An aisle in one of Walmart’s expansive Southern California outposts is packed with a sweeping array of tropical-scented body washes, colorful hairbrushes, and selection of scrunchies. There are hair dyes in hues ranging from neutral browns to striking blondes, and a seemingly countless number of bottles of styling sprays and gels. Among the shelves in that same aisle is a collection of various cosmetics, and skincare haircare products that are locked inside a glass case.
In order to access and purchase those products, store-goers need assistance from a Walmart employee. After a customer makes his/her selection from the locked case, “a Walmart employee walks the items to the front of the store to be held until they are purchased,” Jasmine Saunders told NBC of her recent trip to a Walmart store in Riverside, California.
What do the products inside the locked case have in common? It is not that they are electronics, or that they are any more expensive than the other products displayed in the same aisle. It is that they are products marketed exclusively to black men and women.

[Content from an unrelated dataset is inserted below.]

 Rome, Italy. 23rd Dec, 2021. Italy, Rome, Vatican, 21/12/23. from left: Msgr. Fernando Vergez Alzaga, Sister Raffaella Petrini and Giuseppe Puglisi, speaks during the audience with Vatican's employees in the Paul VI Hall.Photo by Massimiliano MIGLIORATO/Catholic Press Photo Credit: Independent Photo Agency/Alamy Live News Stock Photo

While a spokesman for Walmart said that the retail giant – which is the world’s largest company by revenue, with more than $514 billion in annual sales, according to Fortune’s 2019 Global 500 list – does not tolerate discrimination of any kind in its stores and that “certain items are kept locked up for security reasons because they are more likely to be stolen,” this is not the first time that the national chain has come under fire for discrimination. Saunders’ account comes less than two years after Southern California-based Essie Grundy filed suit against Walmart in a California state court, alleging that she was “shocked” to discover that in a separate location, the retailer was systematically “singling [consumers] out because of their race.”

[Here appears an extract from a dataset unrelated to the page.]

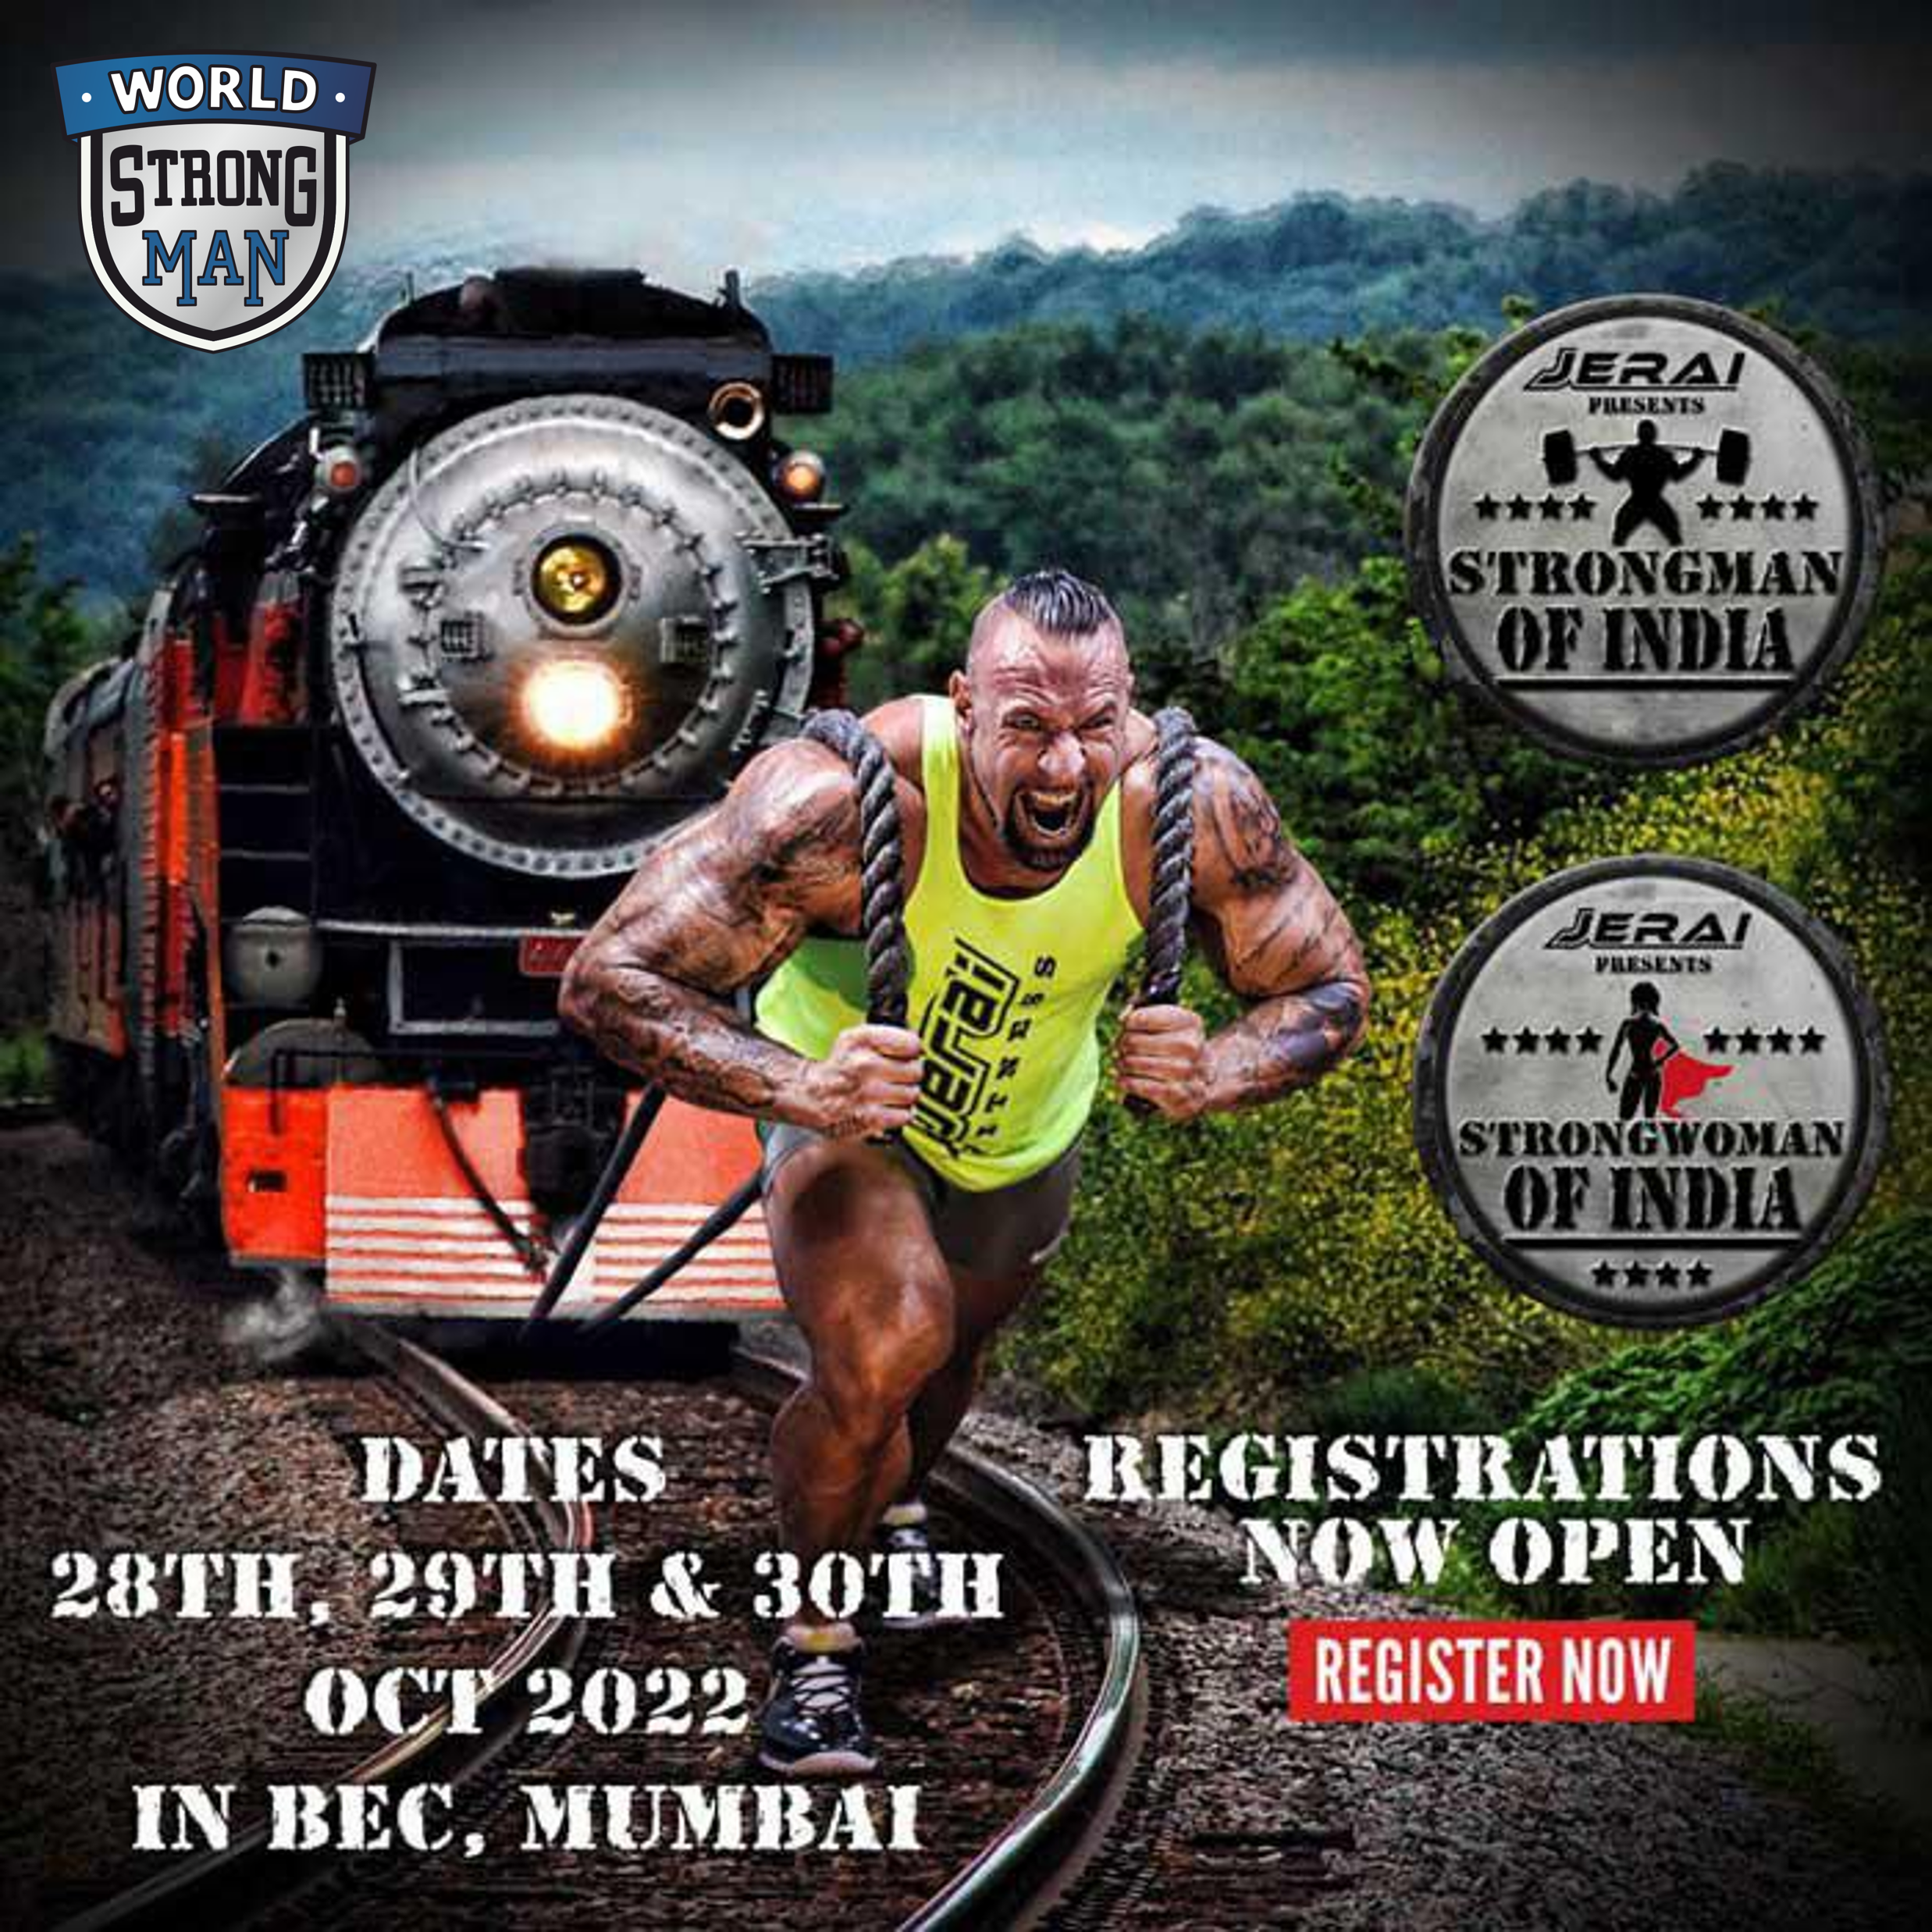 Strongman sport in india started after break again

Counsel for Grundy, Gloria Allred, asserted in the complaint that her client, who is “a law-abiding African-American citizen,” observed – on three separate occasions – that in a Walmart store in Perris, California “hair and body products meant for African-Americans had been locked away behind glass shelves and were segregated from products for non African-Americans.” This was the case even though at least some of the products, such as the $0.48 comb that Grundy purchased, were less expensive than the ones that were not locked behind glass.
“In order to touch the products, read the ingredients, or [make a] purchase [a product marketed for African-Americans], a customer needs to call for assistance and have a store employee unlock the glass shelves.” These same “barriers to access” do not exist for non African-American hair and body products in the same store, Grundy asserted in her complaint.
Such a separation of products – which denies “African-Americans equal access to body and hair products” – is a clear example of intentional discrimination in a public accommodation, and thus, a violation of the Unruh Civil Rights Act, a California state law that outlaws discrimination based on sex, race, color, religion, ancestry, national origin, age, disability, medical condition, genetic information, marital status, or sexual orientation, according to Grundy. It is also allegedly a violation of California’s Business and Professions Code, which prohibits any “unlawful, unfair or fraudulent business act or practice.”
As a result of such discriminatory practices by Walmart, which an employee told Grundy “was a directive from corporate headquarters,” Grundy claims that she “suffered great shame, humiliation, inconvenience, and mental suffering,” and asserts that unless restrained by way of a permanent injunction, Walmart will “continue to harm the public by perpetuating [such] discrimination.”
With that in mind, Grundy asked the court to permanently enjoin Walmart from “denying full access to consumer products for African-Americans by unlocking products from glass cases/boxes and/or displaying them in [a dissimilar] manner as non-African-American products.” She is also seeking damages, including actual damages, statutory and/or treble damages, and attorney’s fees.
The case, which has since been transferred to California federal court, is still underway with an estimated 4-day trial scheduled for February 2020.
UPDATED (Nov. 8, 2019): On November 5, counsel for Grundy filed a joint stipulation to voluntarily dismiss the case in its entirety, likely as a result of an out-of-court settlement between the parties. The court formally dismissed the case on November 8.
*The case is Essie Grundy v. Walmart, 5:18-cv-00429 (C.D.Cal).